Step 1: If the relation contains exactly 4 elements
The reflexive pairs \( (1, 1), (2, 2), (3, 3) \) must be included. We are required to select one additional element from the remaining ones: \[ (2, 1), (2, 3), (1, 3), (3, 1), (3, 2) \] Only 1 way is possible: We choose the pair \( (1, 2) \), which makes the relation transitive.
Thus, for 4 elements, there is exactly 1 way to form the relation.
Step 2: If the relation contains exactly 5 elements
Again, we must include \( (1, 1), (2, 2), (3, 3) \). Now, we must choose 2 additional elements from the remaining pairs: \[ (2, 1), (2, 3), (1, 3), (3, 1), (3, 2) \] The possible choices are: \( (1, 3) \) and \( (3, 2) \), or \( (3, 1) \) and \( (2, 3) \).

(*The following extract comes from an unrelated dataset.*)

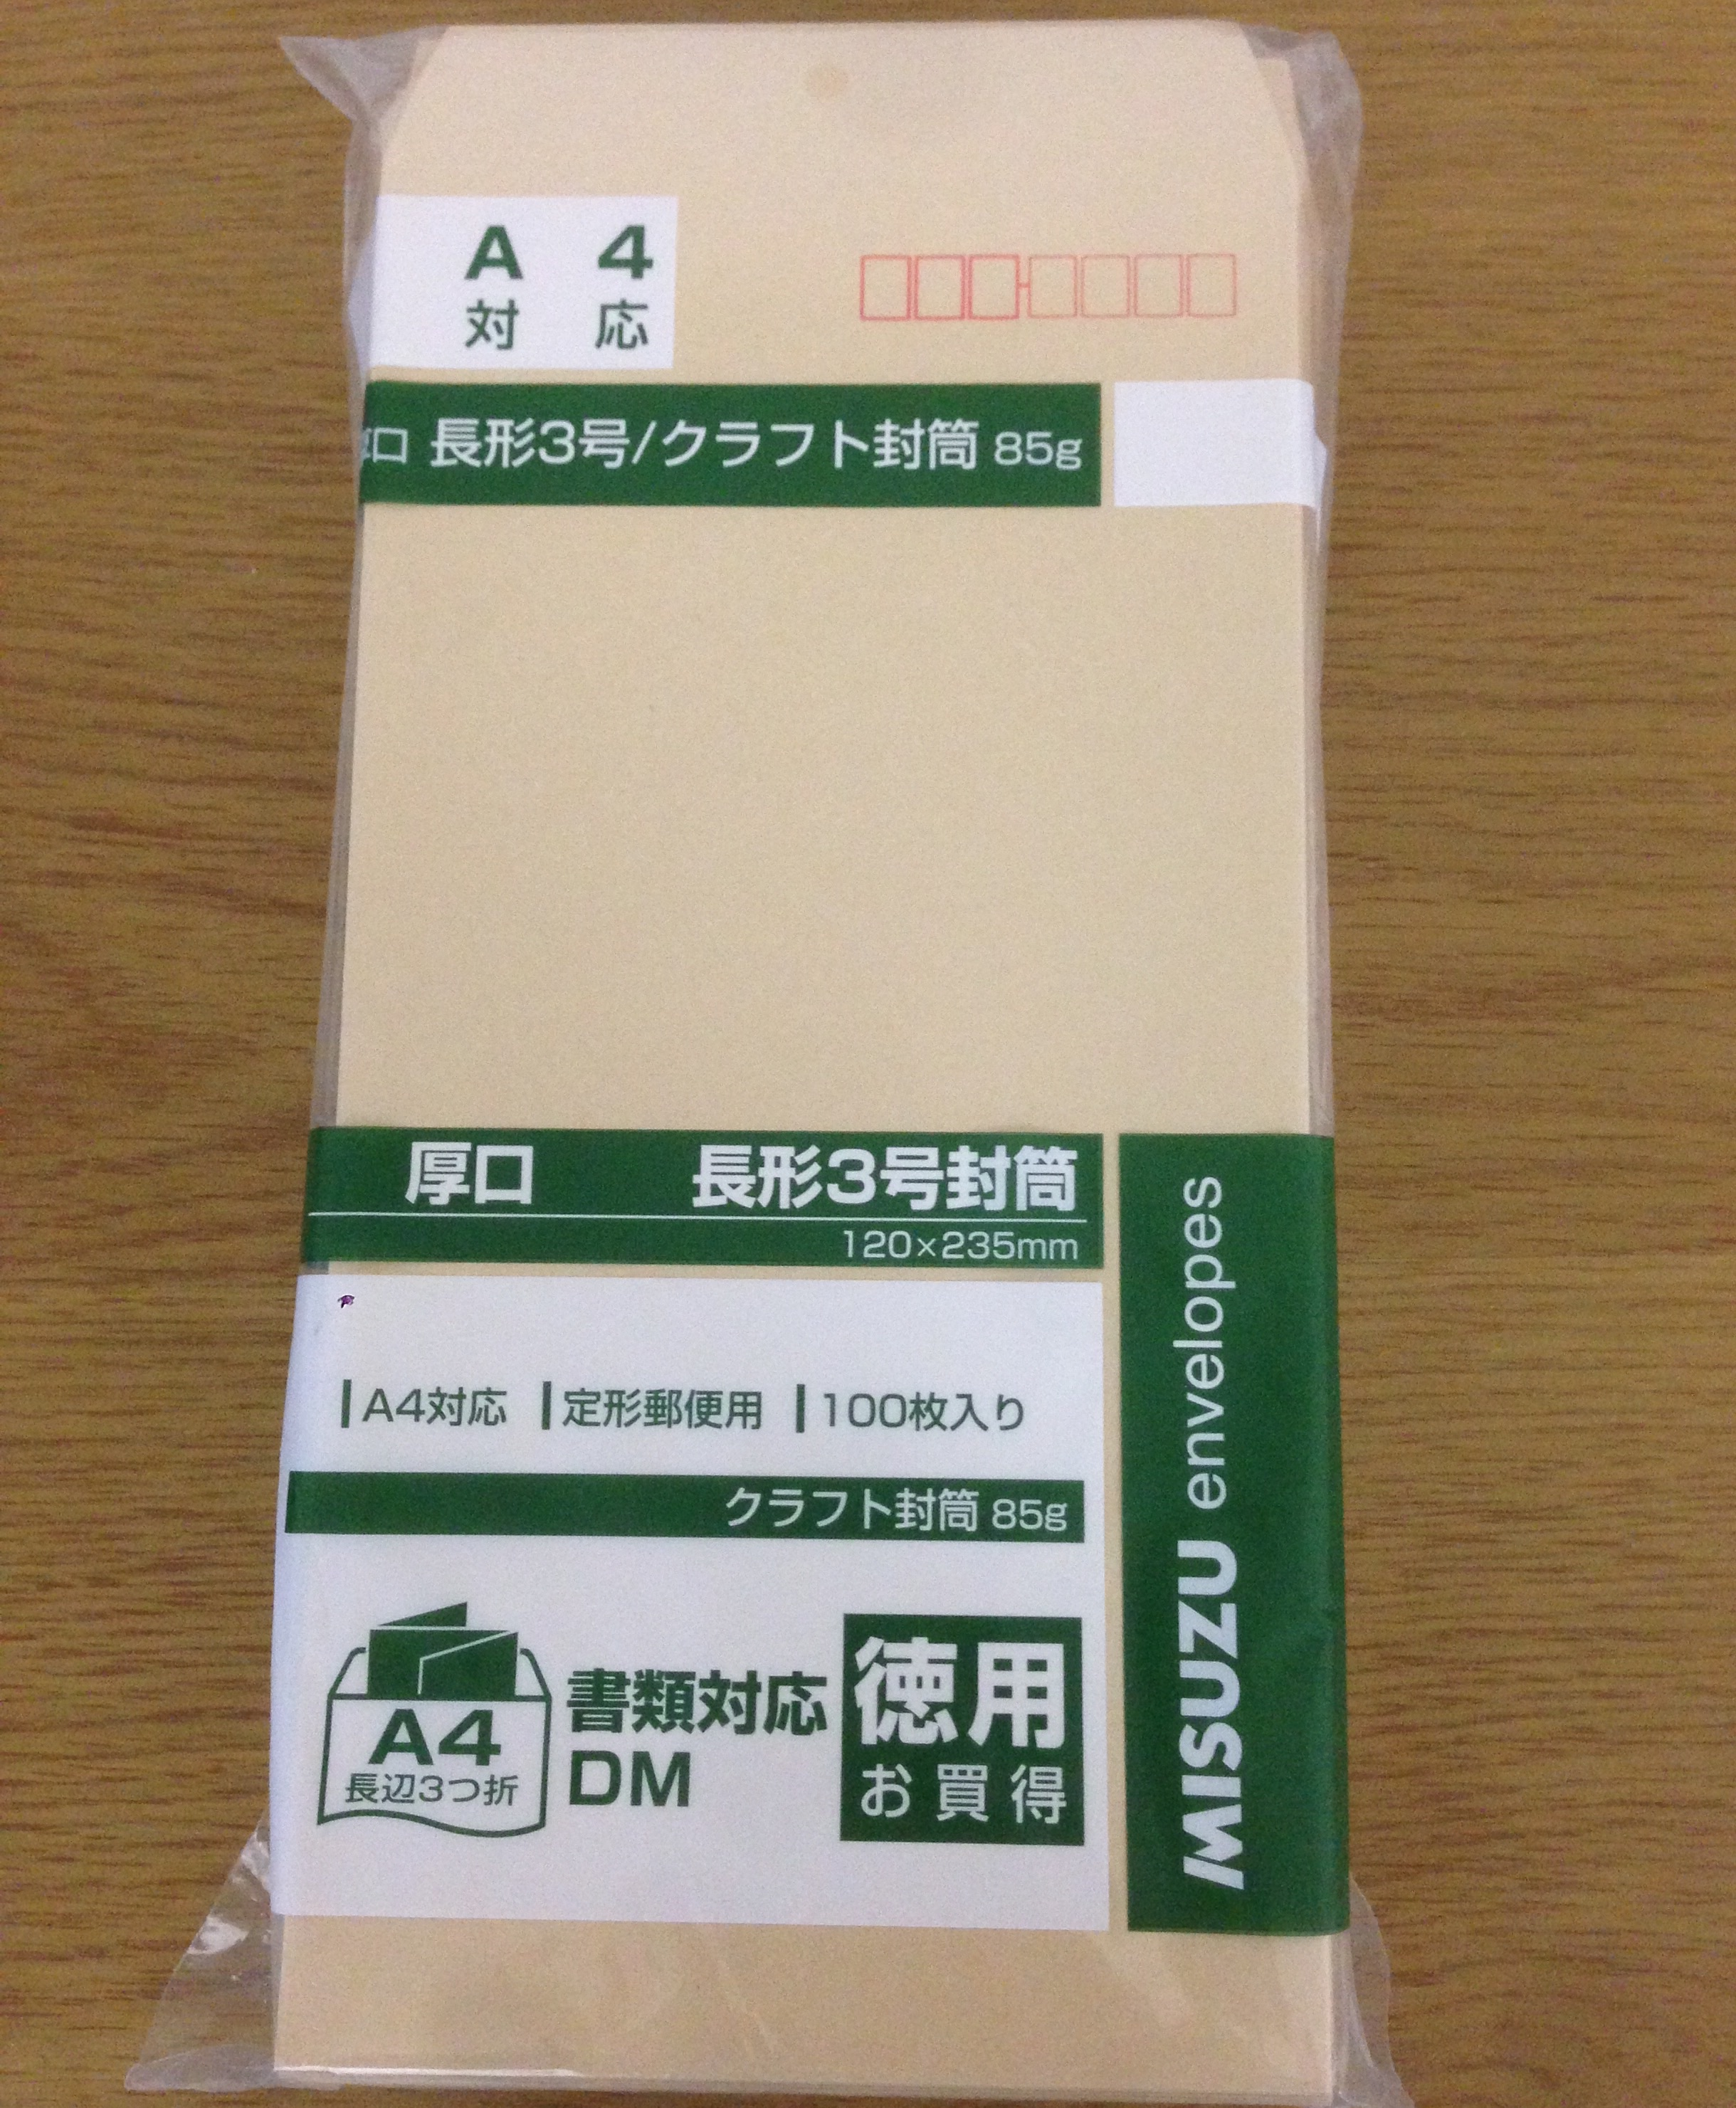 ヤフオクやメルカリで売れた商品は普通郵便(定形郵便・定形外 ...

Thus, for 5 elements, there are 2 ways to form the relation.
Step 3: If the relation contains exactly 6 elements
In this case, we must include all reflexive pairs \( (1, 1), (2, 2), (3, 3) \) and all the other pairs: \[ (2, 1), (2, 3), (1, 3), (3, 1), (3, 2) \] There are 3 possible ways to form a 6-element relation: 1. \( \{(2, 3), (1, 3), (3, 2), (1, 1), (2, 2), (3, 3)\} \) 2. \( \{(2, 3), (3, 1), (1, 3), (3, 2), (1, 1), (2, 2)\} \) 3. \( \{(3, 2), (1, 3), (3, 1), (2, 1), (1, 1), (2, 2)\} \)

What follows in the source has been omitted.